Data provided

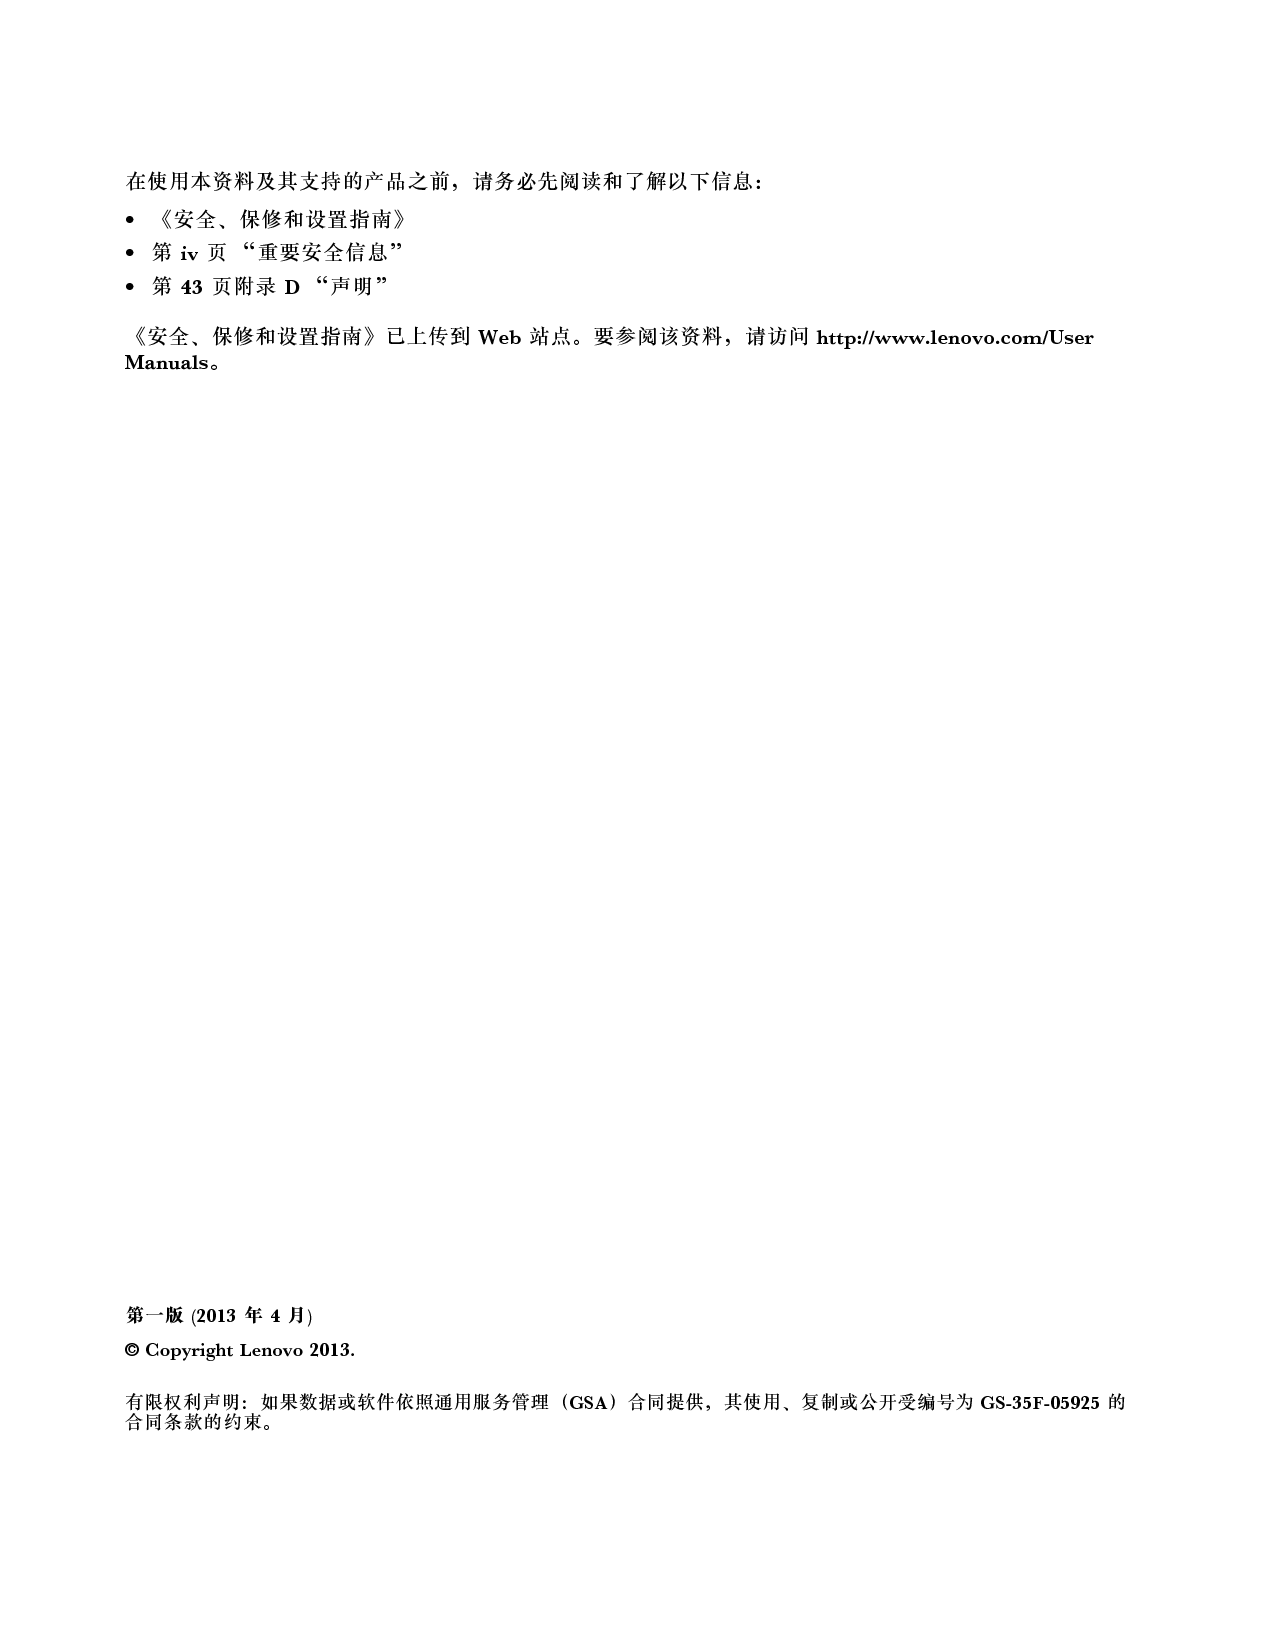 联想 Lenovo 昭阳 K4350 用户指南 第1页
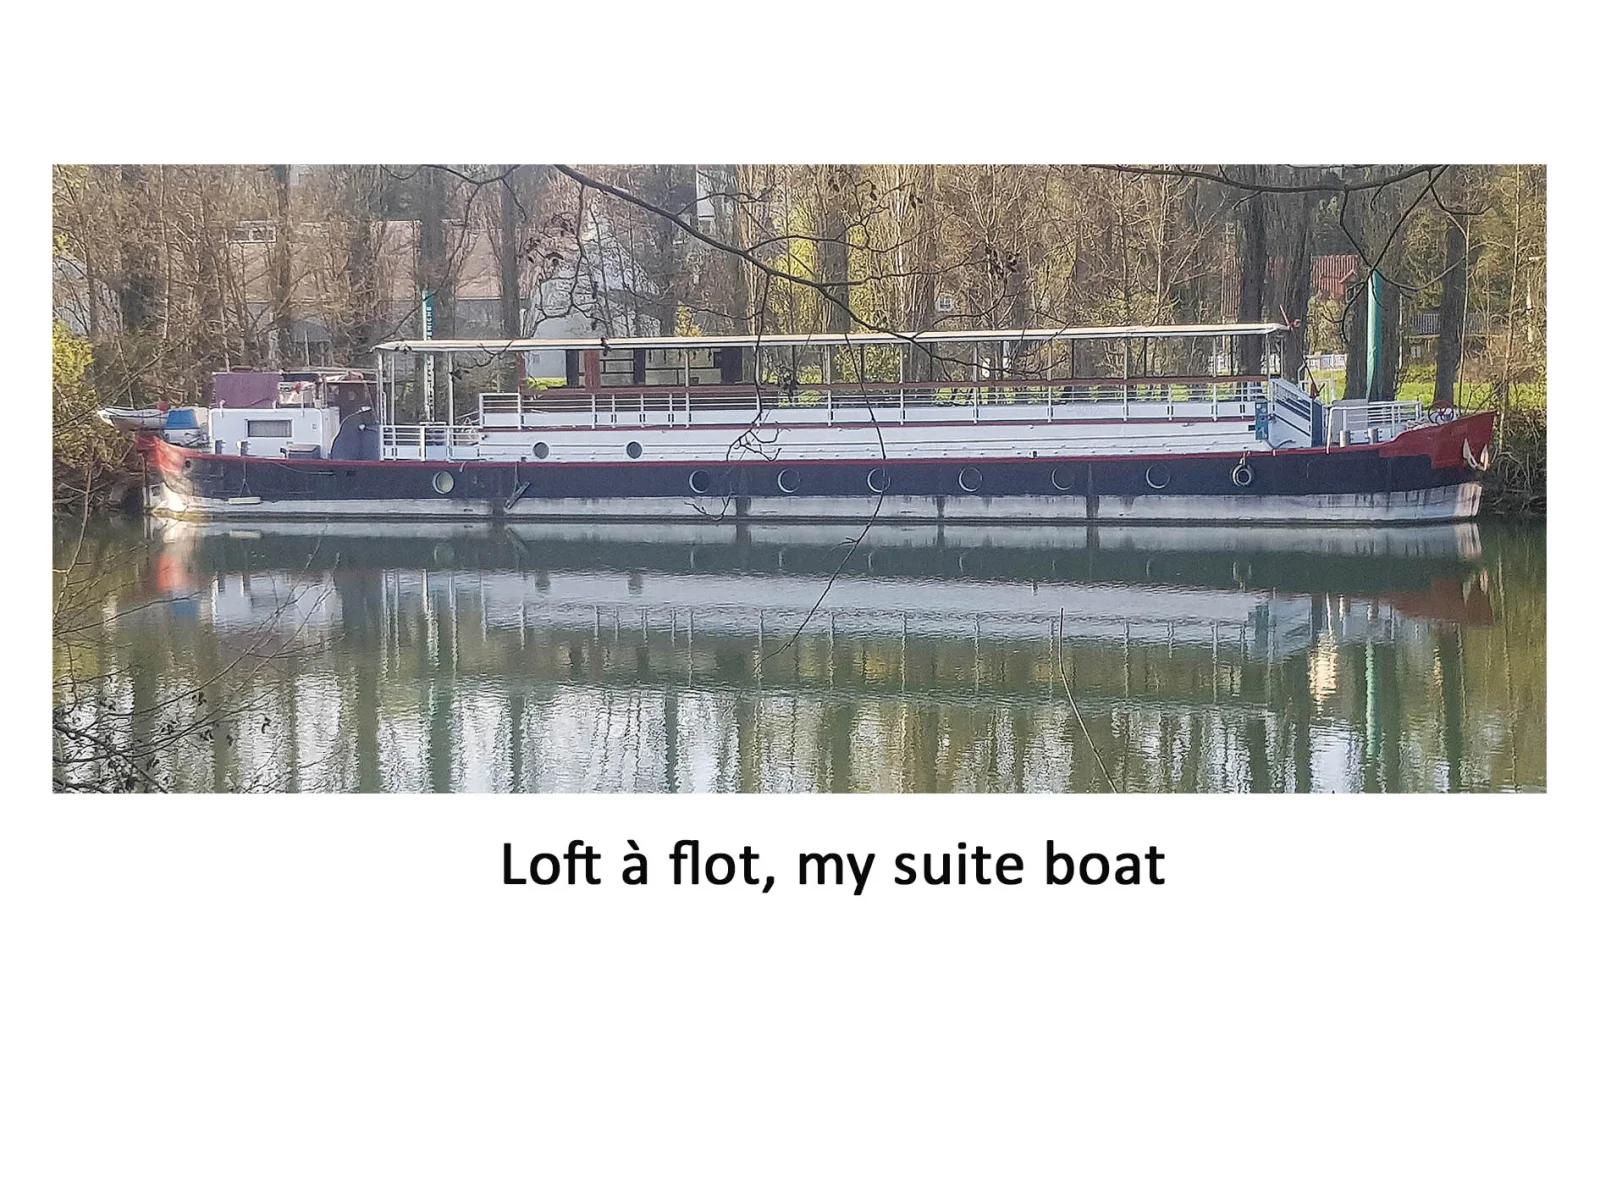 Cuisine dans Peniche : Loft a flot, my suite boat - 1
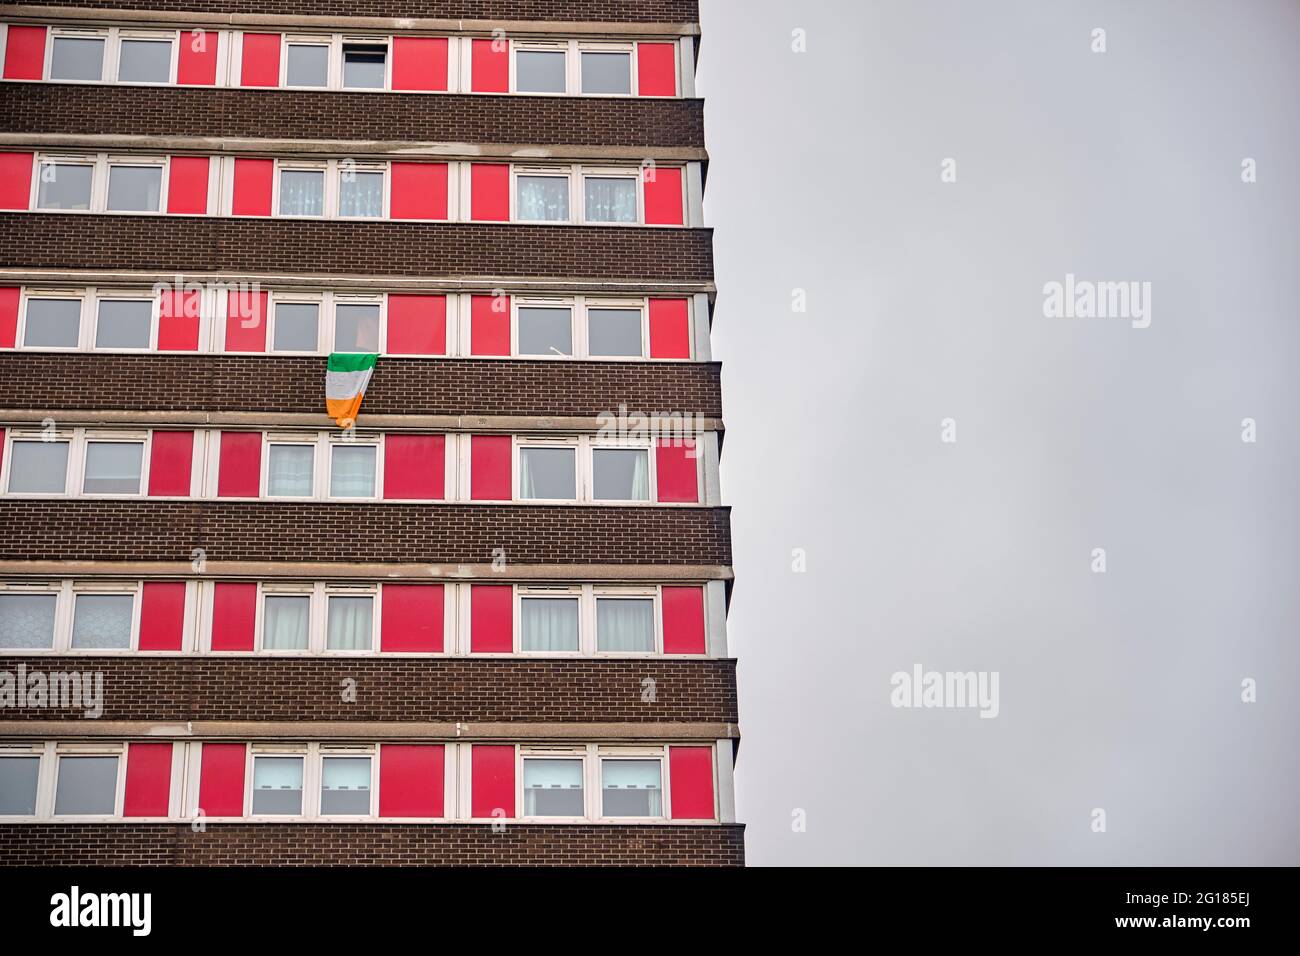 Irische Republikaner Flagge außerhalb des historischen Divis Tower, Belfast, Nordirland, Vereinigtes Königreich, 2018 Stockfoto

About this exercise
With the pictures left out, give again exactly the lines from the one with "Cuisine dans Peniche" through the end of the data, both included.

Solution for this exercise
 Cuisine dans Peniche : Loft a flot, my suite boat - 1
 Irische Republikaner Flagge außerhalb des historischen Divis Tower, Belfast, Nordirland, Vereinigtes Königreich, 2018 Stockfoto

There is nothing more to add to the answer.